[Work to be completed] Range to repeat from the listing below: the line containing "Un poisson crapaud" down to the line containing "PANTONE 18-4051 TCX - Strong", both included. Copy it exactly, pictures excluded, and add nothing else.

[Extracted information]
════════
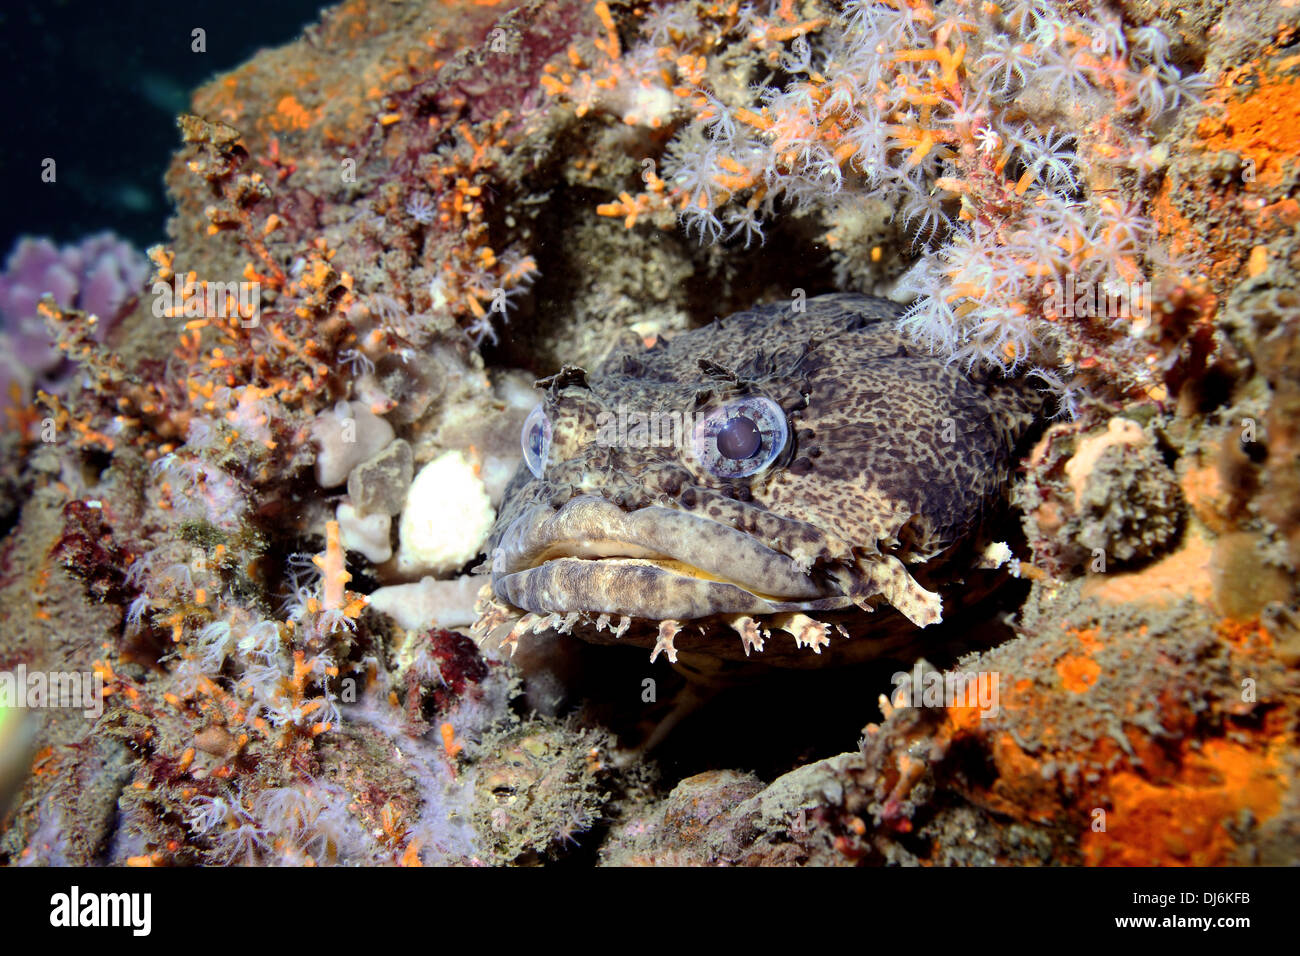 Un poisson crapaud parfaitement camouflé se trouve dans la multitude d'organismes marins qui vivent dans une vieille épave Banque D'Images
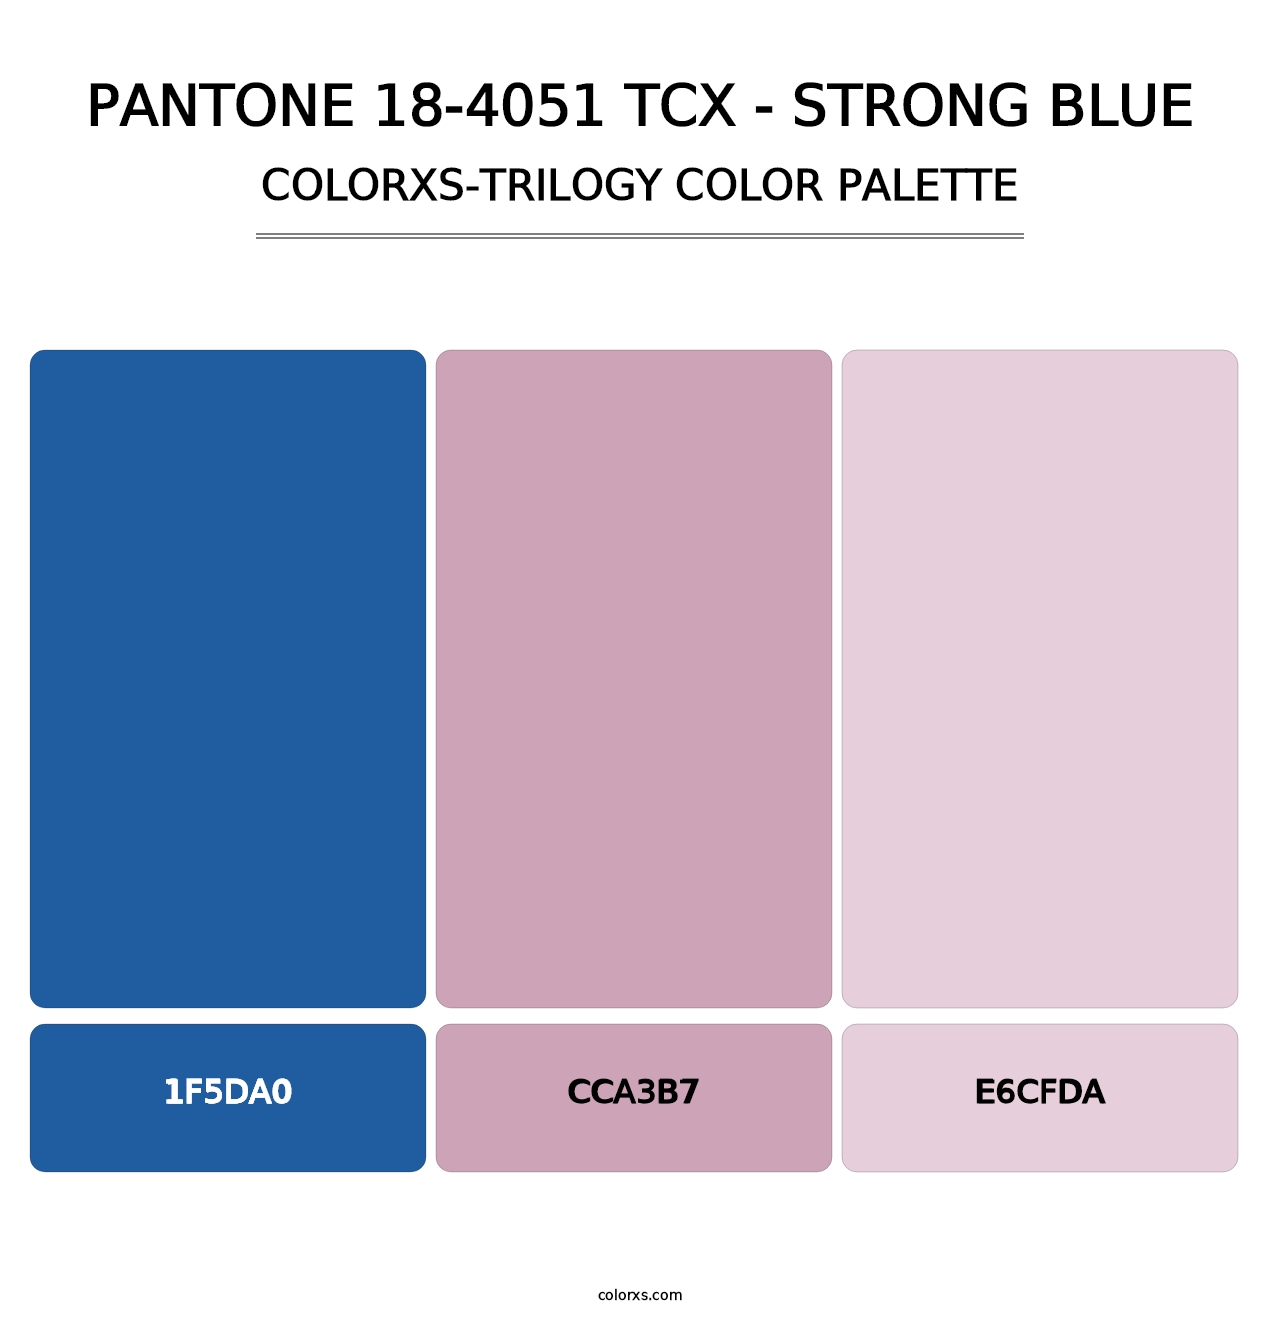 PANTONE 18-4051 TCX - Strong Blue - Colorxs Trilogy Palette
════════
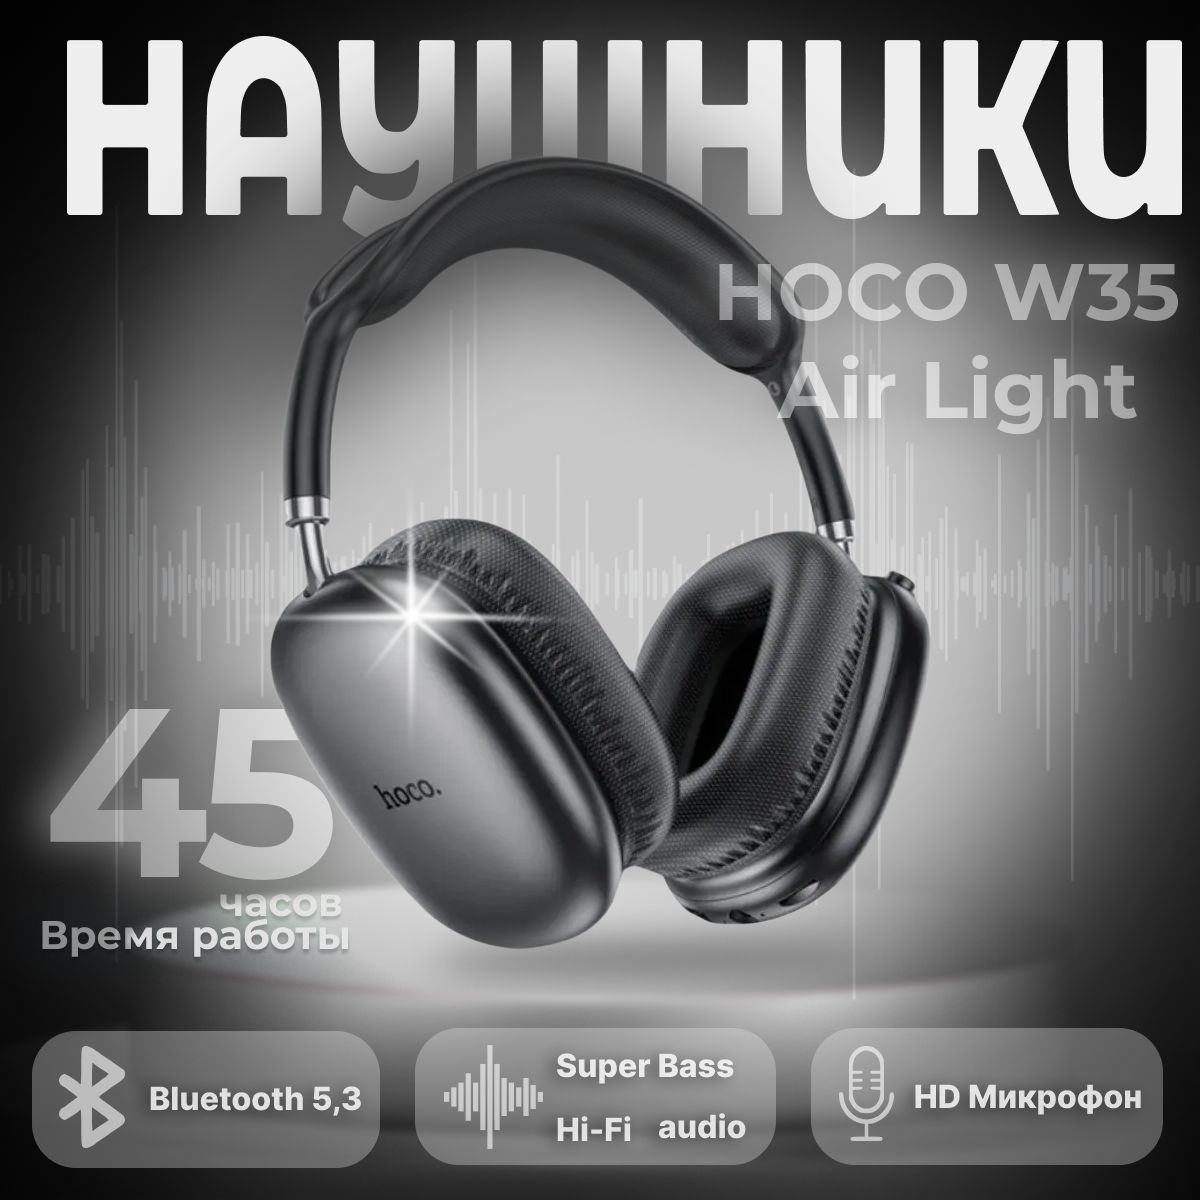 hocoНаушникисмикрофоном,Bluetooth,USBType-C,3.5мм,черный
════════
[Exercise answer]
 Un poisson crapaud parfaitement camouflé se trouve dans la multitude d'organismes marins qui vivent dans une vieille épave Banque D'Images
 PANTONE 18-4051 TCX - Strong Blue - Colorxs Trilogy Palette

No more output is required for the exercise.